"""

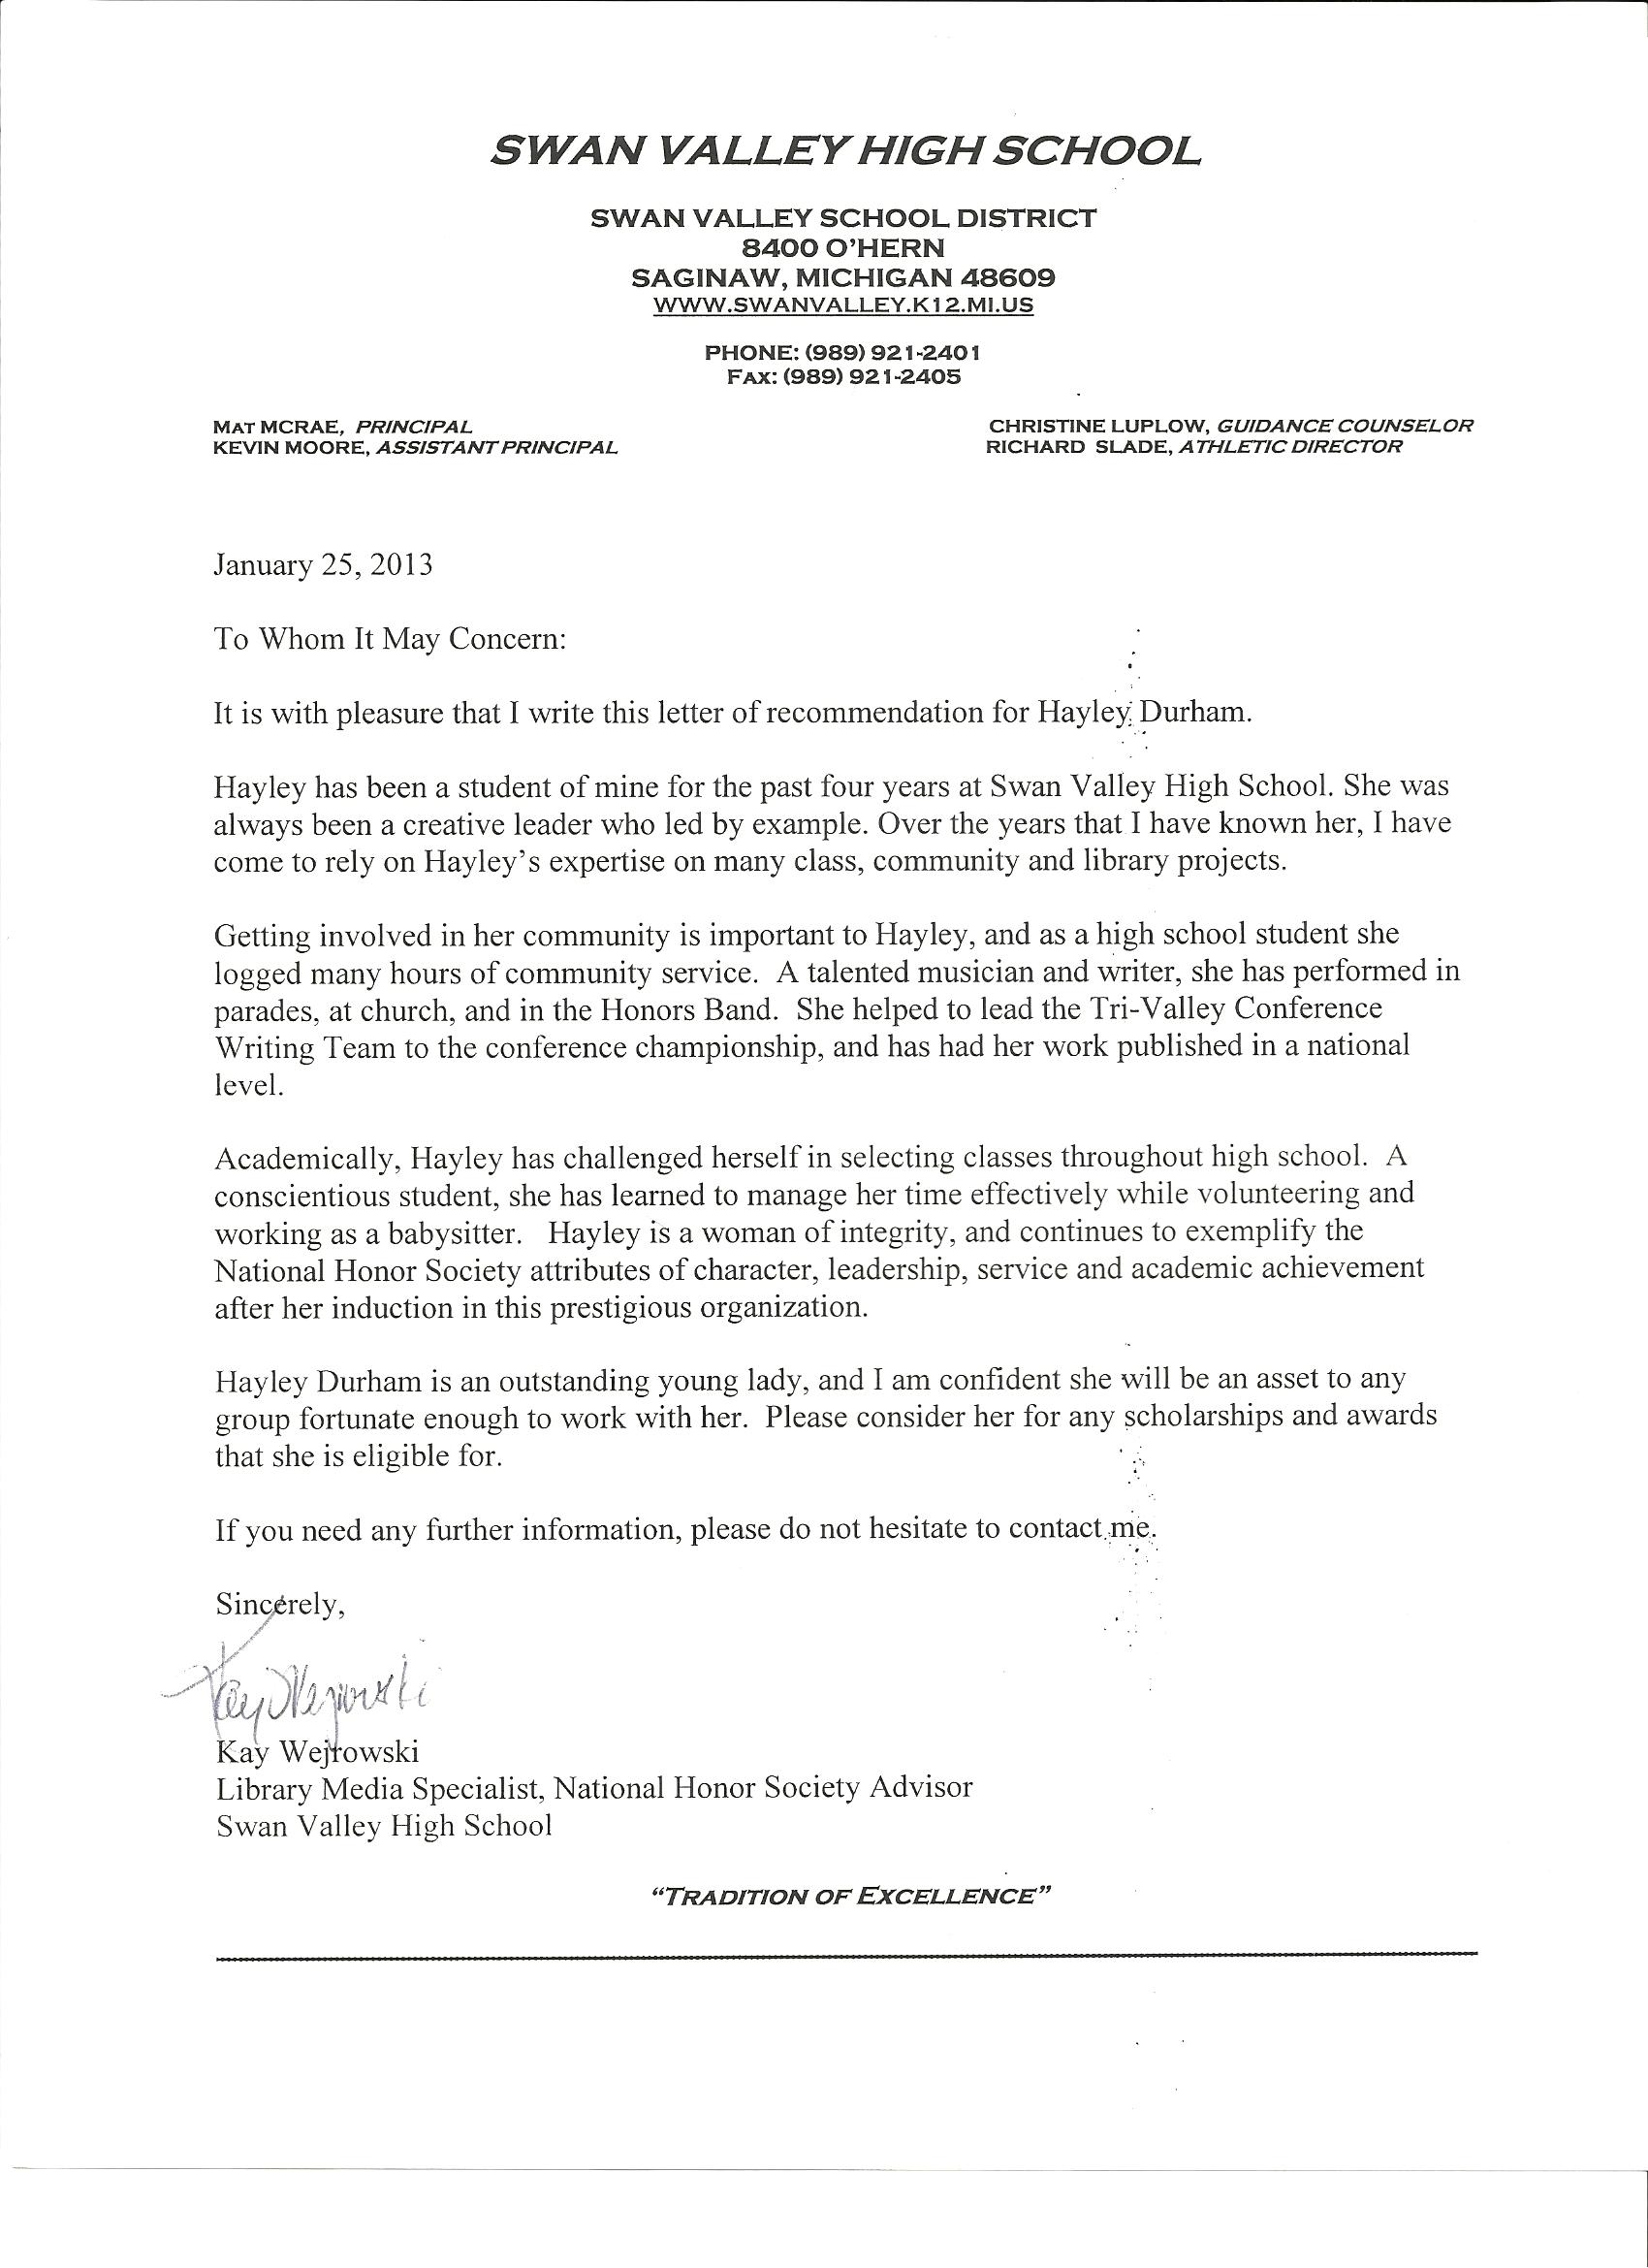 Nhs Letter Of Recommendation Template from hayleydurhamportfolio.weebly.com
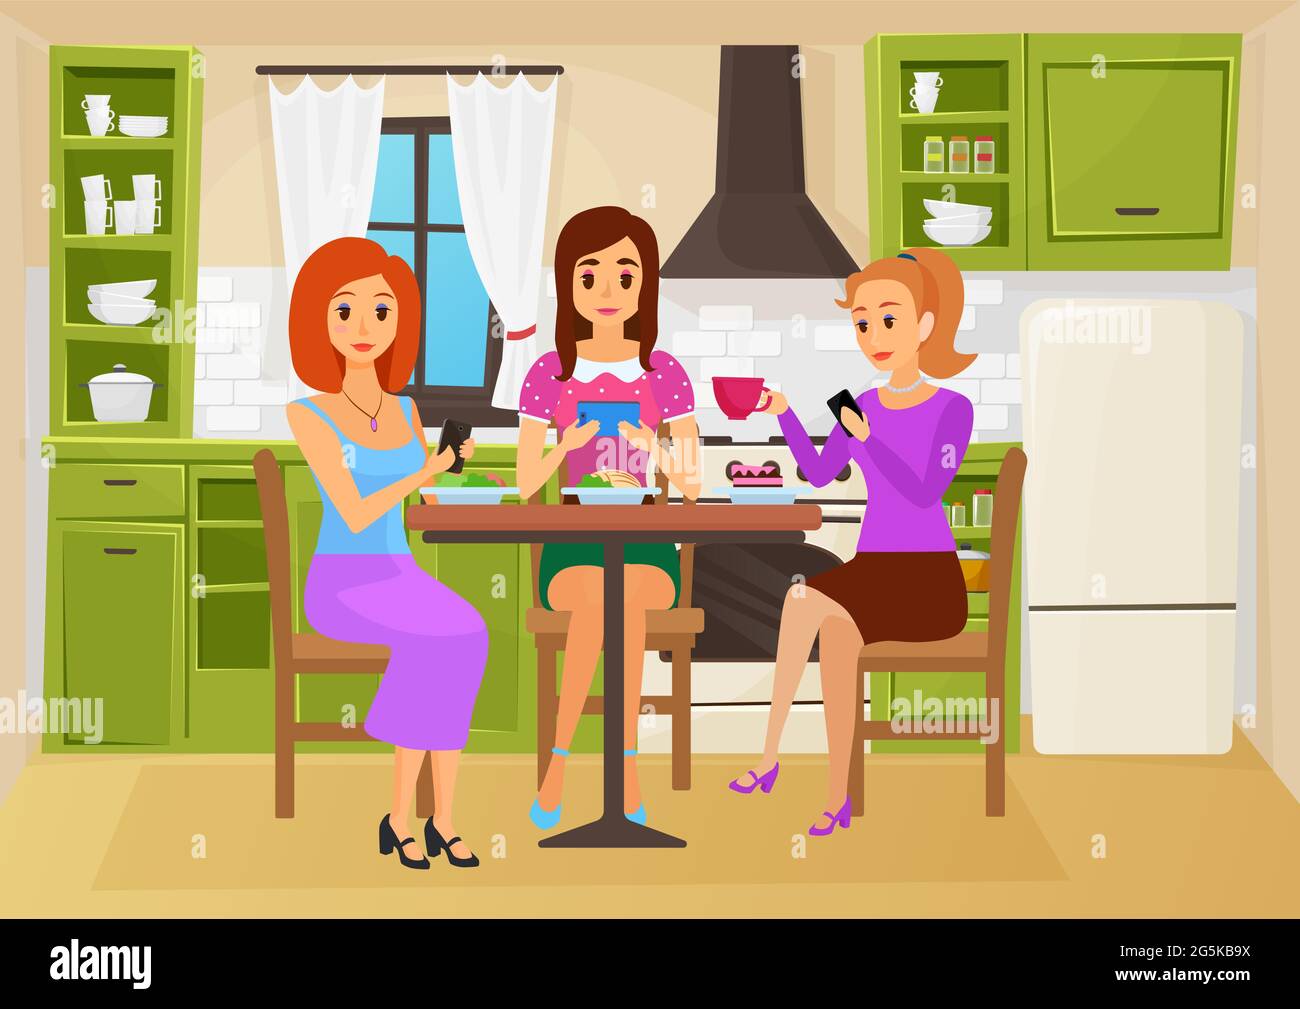 https://c8.alamy.com/comp/2G5KB9X/people-friends-eat-food-in-cute-kitchen-together-vector-illustration-cartoon-friendly-meeting-of-hungry-girl-characters-sitting-at-kitchen-table-and-talking-eating-meal-female-friendship-background-2G5KB9X.jpg
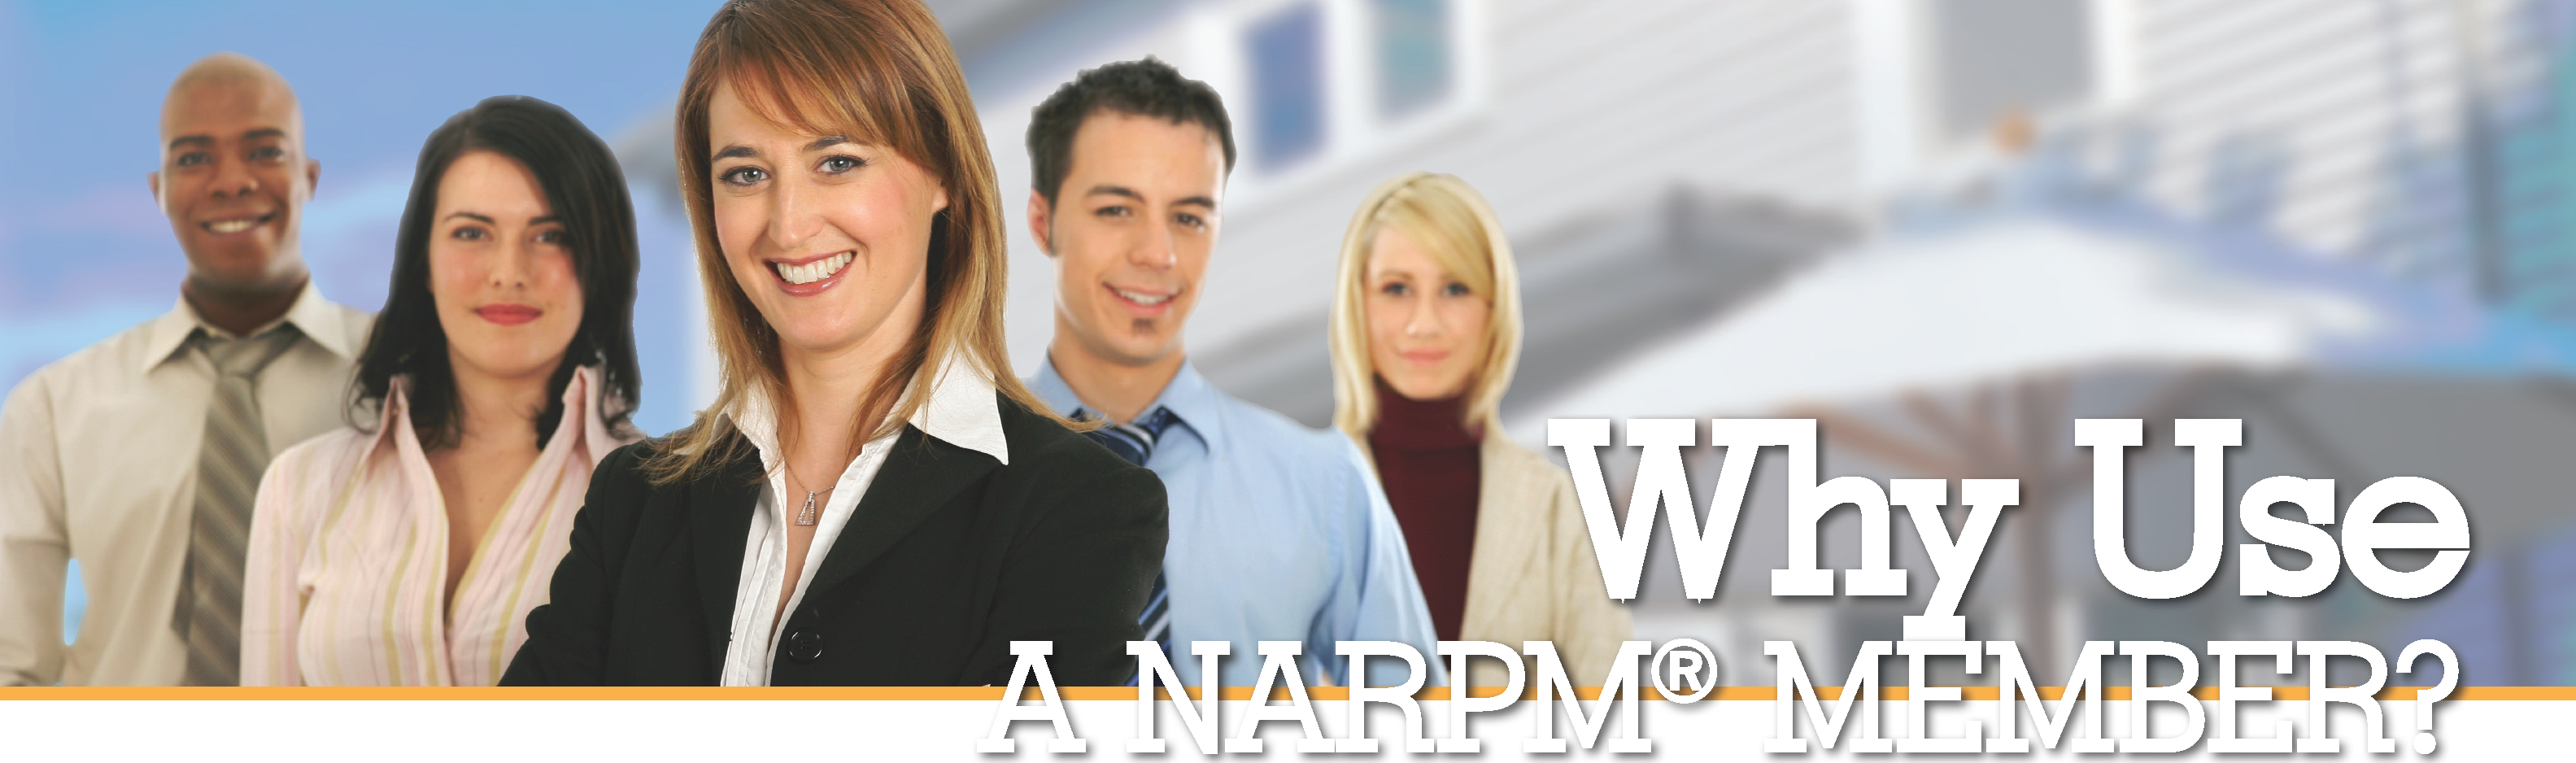 Why Use a NARPM Member

"""

* [Exercise]: Repeat the listing above word for word and leave its images out.

* [Reply to the exercise]:
 Nhs Letter Of Recommendation Template from hayleydurhamportfolio.weebly.com
 https://c8.alamy.com/comp/2G5KB9X/people-friends-eat-food-in-cute-kitchen-together-vector-illustration-cartoon-friendly-meeting-of-hungry-girl-characters-sitting-at-kitchen-table-and-talking-eating-meal-female-friendship-background-2G5KB9X.jpg
 Why Use a NARPM Member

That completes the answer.